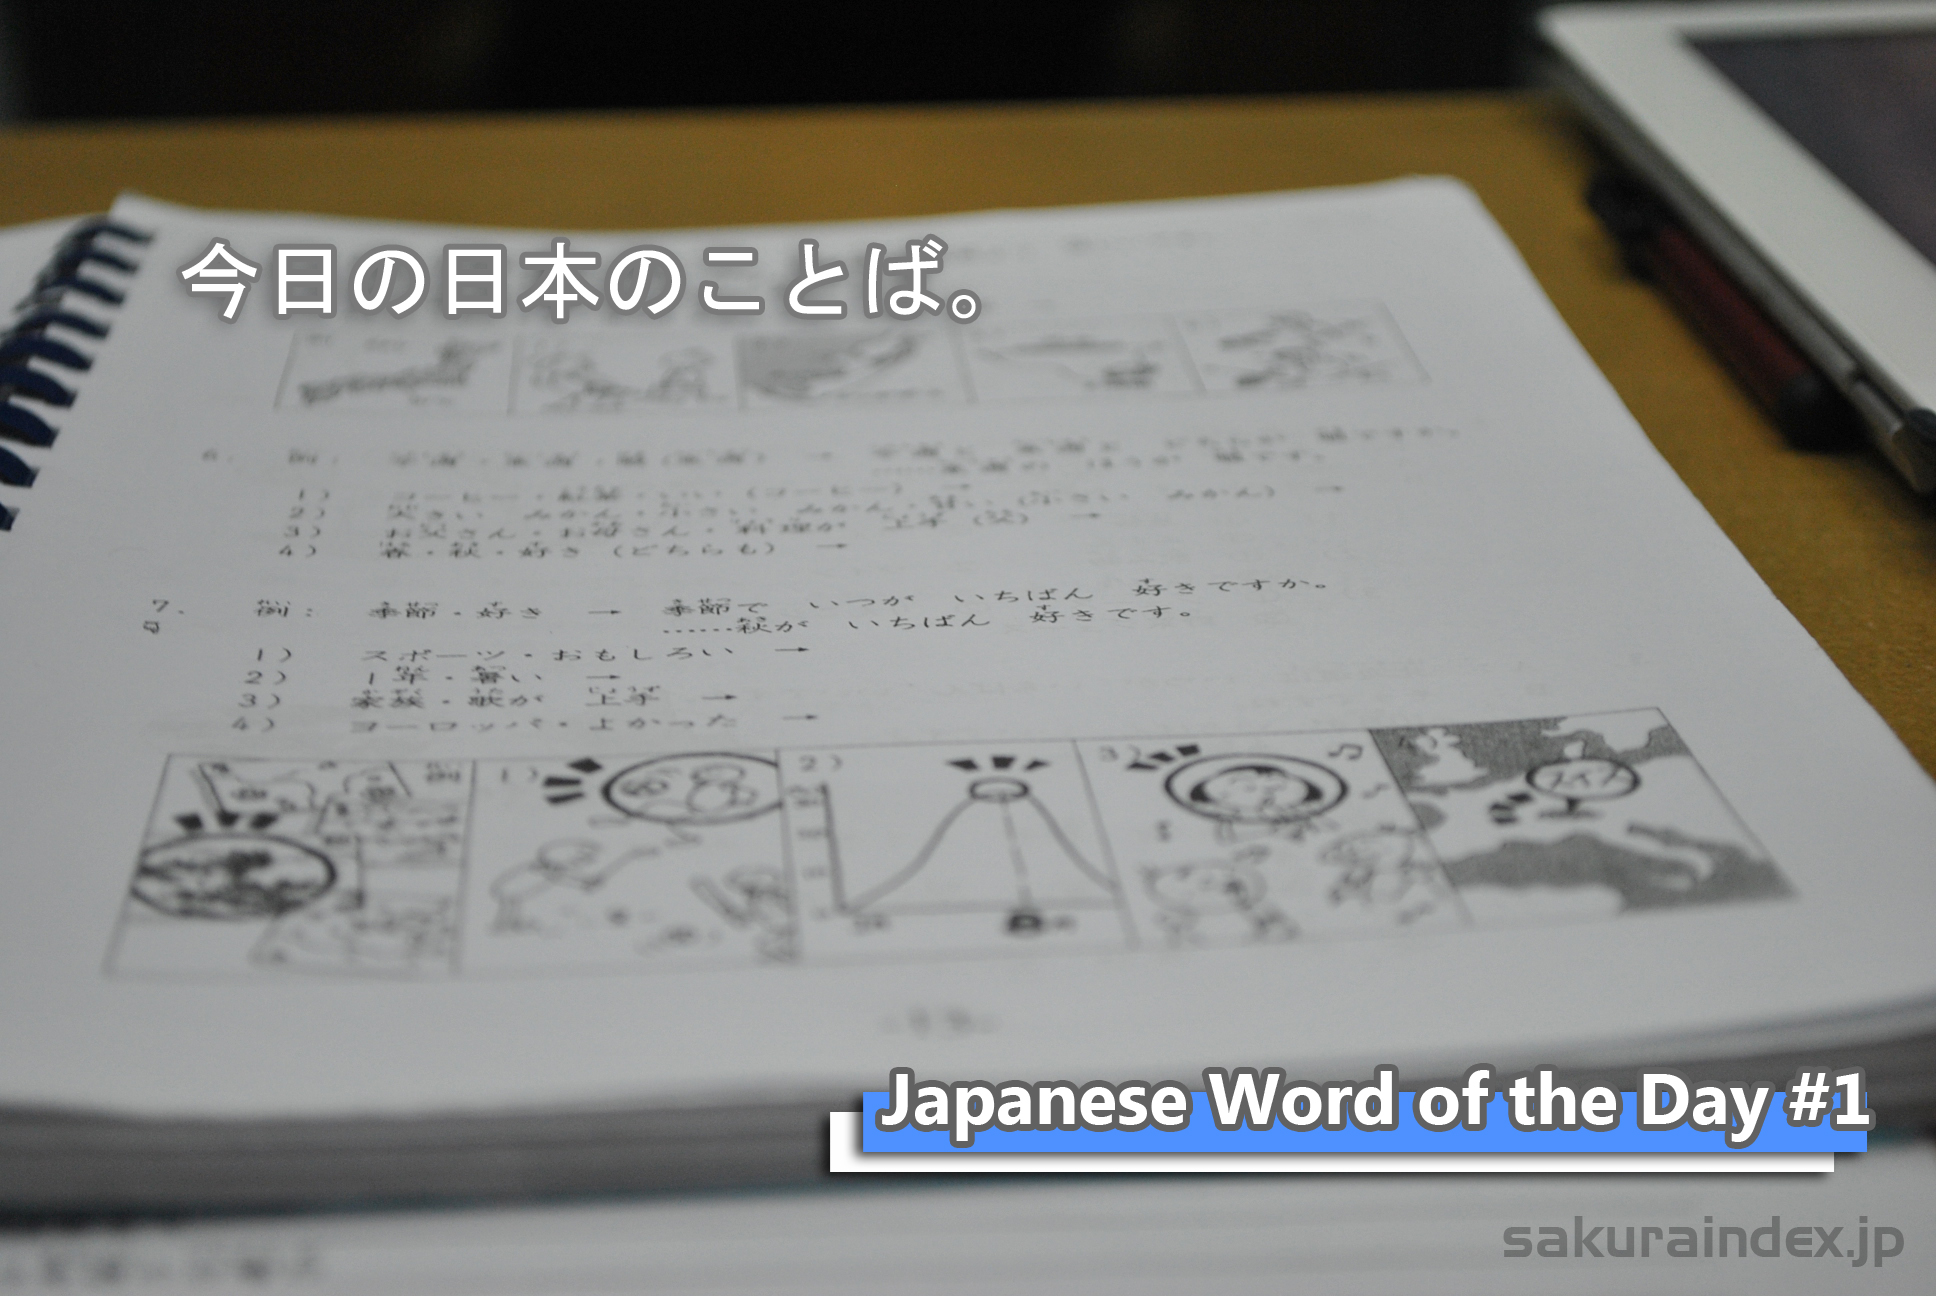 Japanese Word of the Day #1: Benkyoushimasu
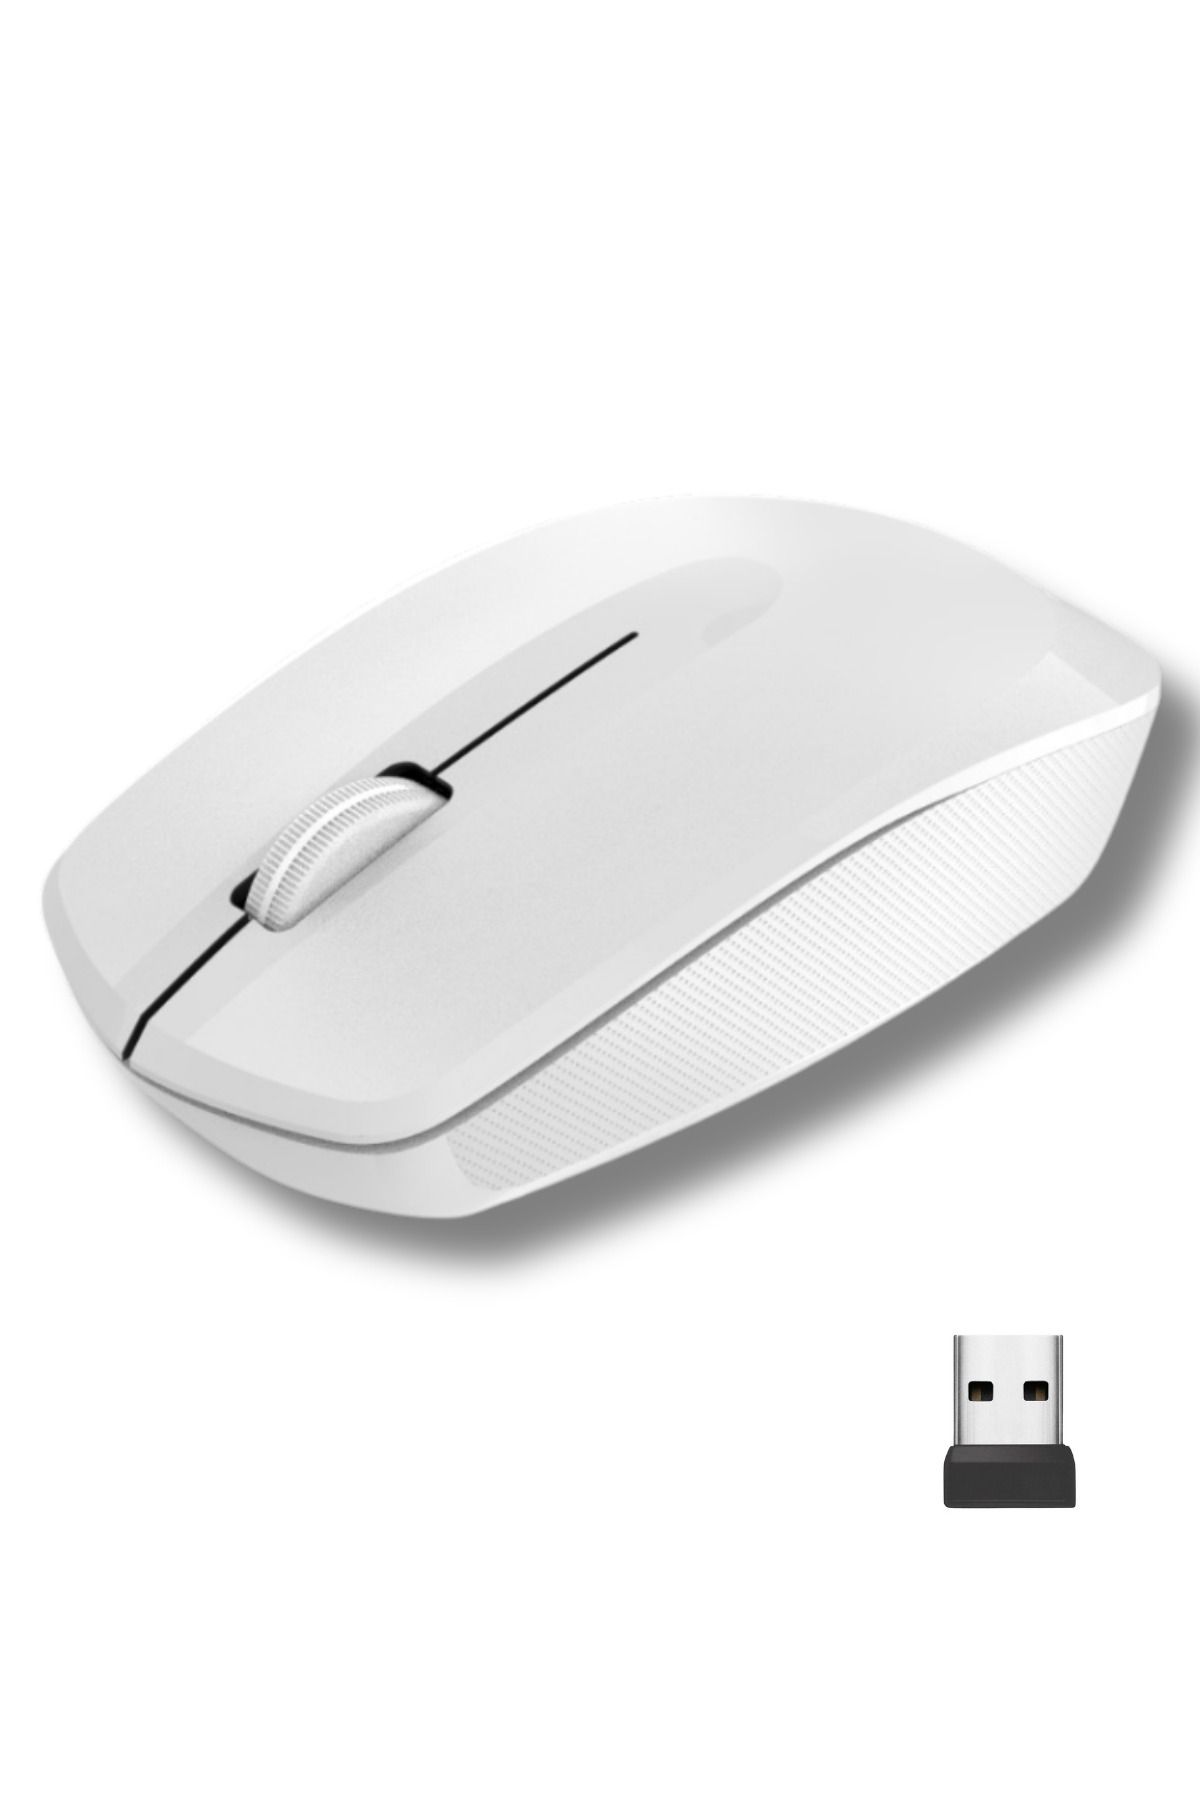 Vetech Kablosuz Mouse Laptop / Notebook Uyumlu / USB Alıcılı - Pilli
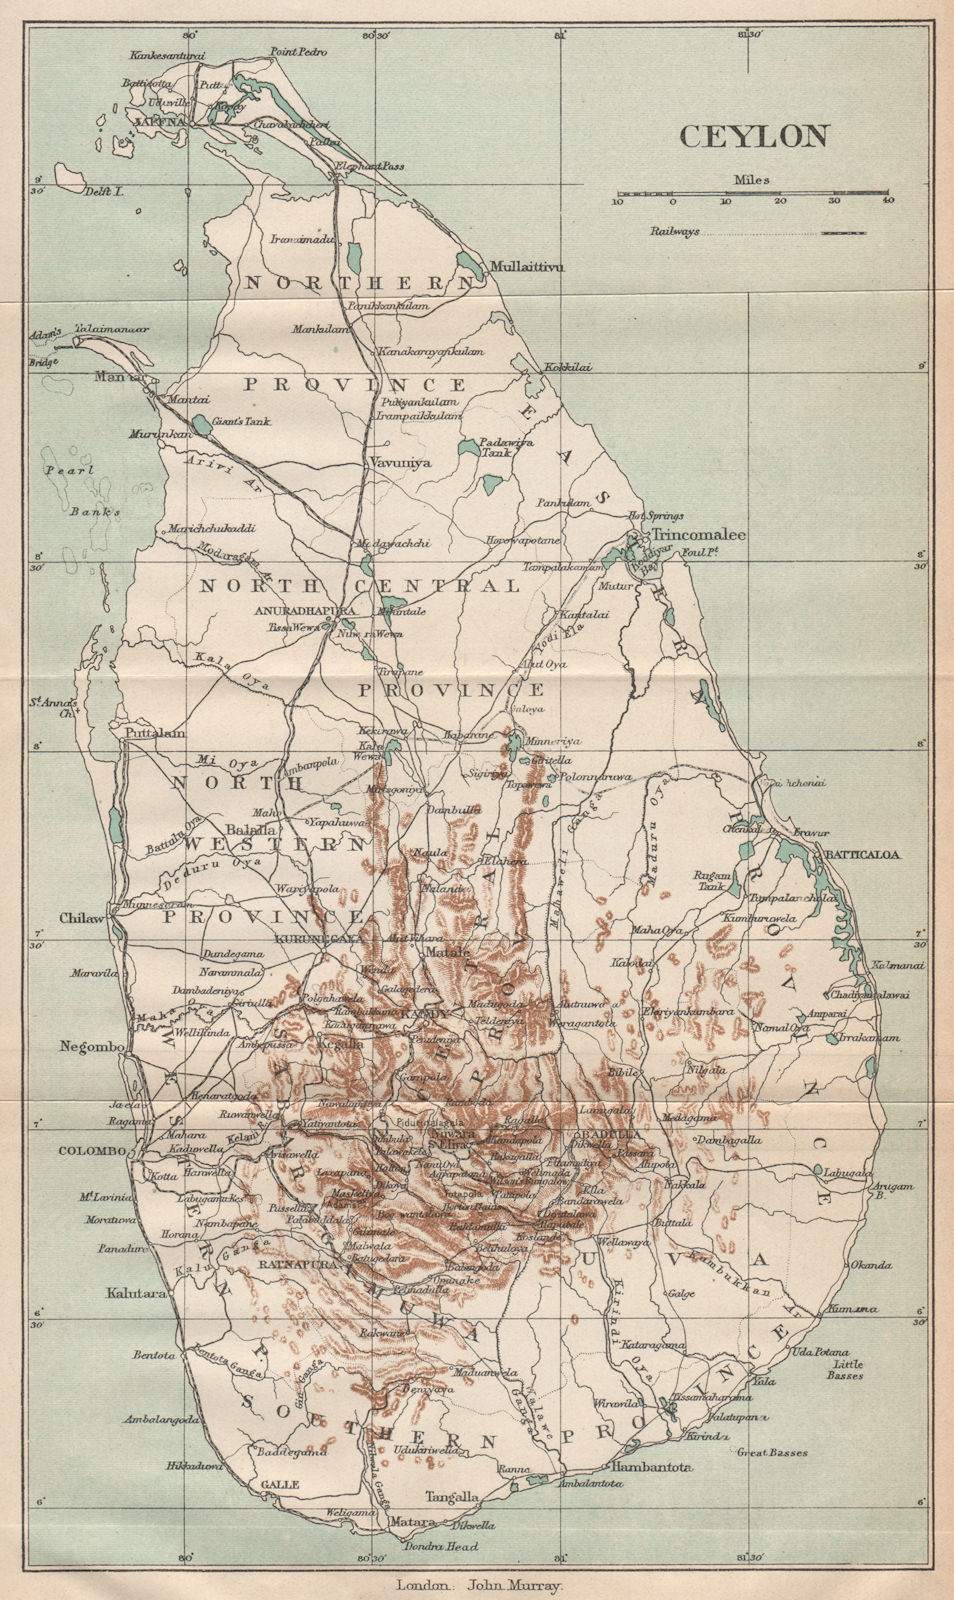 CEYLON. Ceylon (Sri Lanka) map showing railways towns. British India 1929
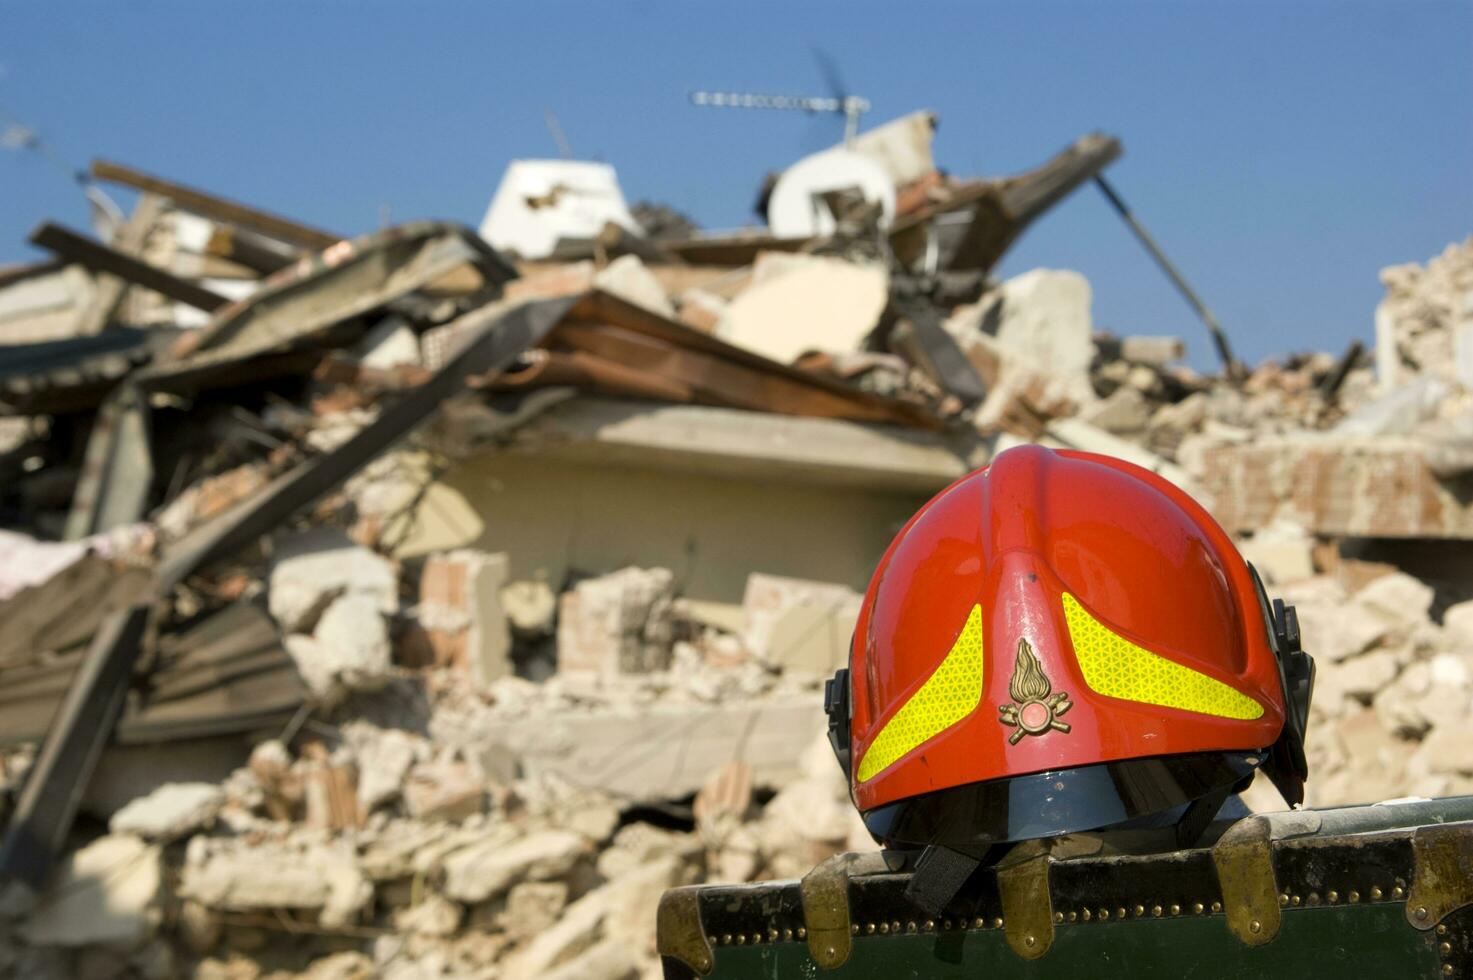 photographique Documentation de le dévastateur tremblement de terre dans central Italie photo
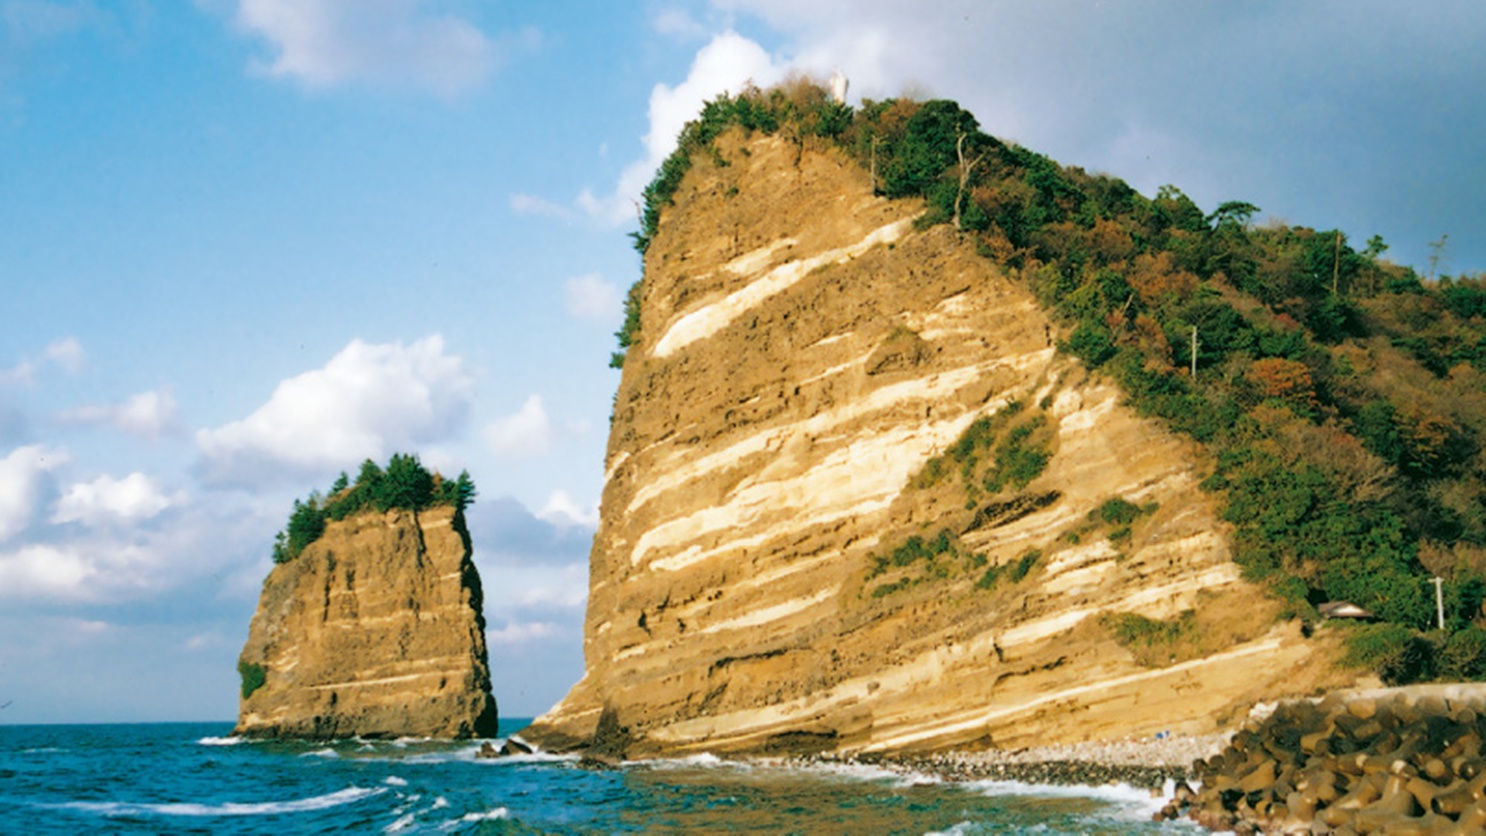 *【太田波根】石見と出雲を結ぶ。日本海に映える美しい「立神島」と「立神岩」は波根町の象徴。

::::

- ABOUT THIS EXERCISE -
A word-for-word copy is needed of the lines from the line holding "Vetech Kablosuz Mouse" through the end of the records, both included, excluding every picture.

- OUTPUT OF THE TASK -
 Vetech Kablosuz Mouse Laptop / Notebook Uyumlu / USB Alıcılı - Pilli
 CEYLON. Ceylon (Sri Lanka) map showing railways towns. British India 1929
 photographique Documentation de le dévastateur tremblement de terre dans central Italie photo
 *【太田波根】石見と出雲を結ぶ。日本海に映える美しい「立神島」と「立神岩」は波根町の象徴。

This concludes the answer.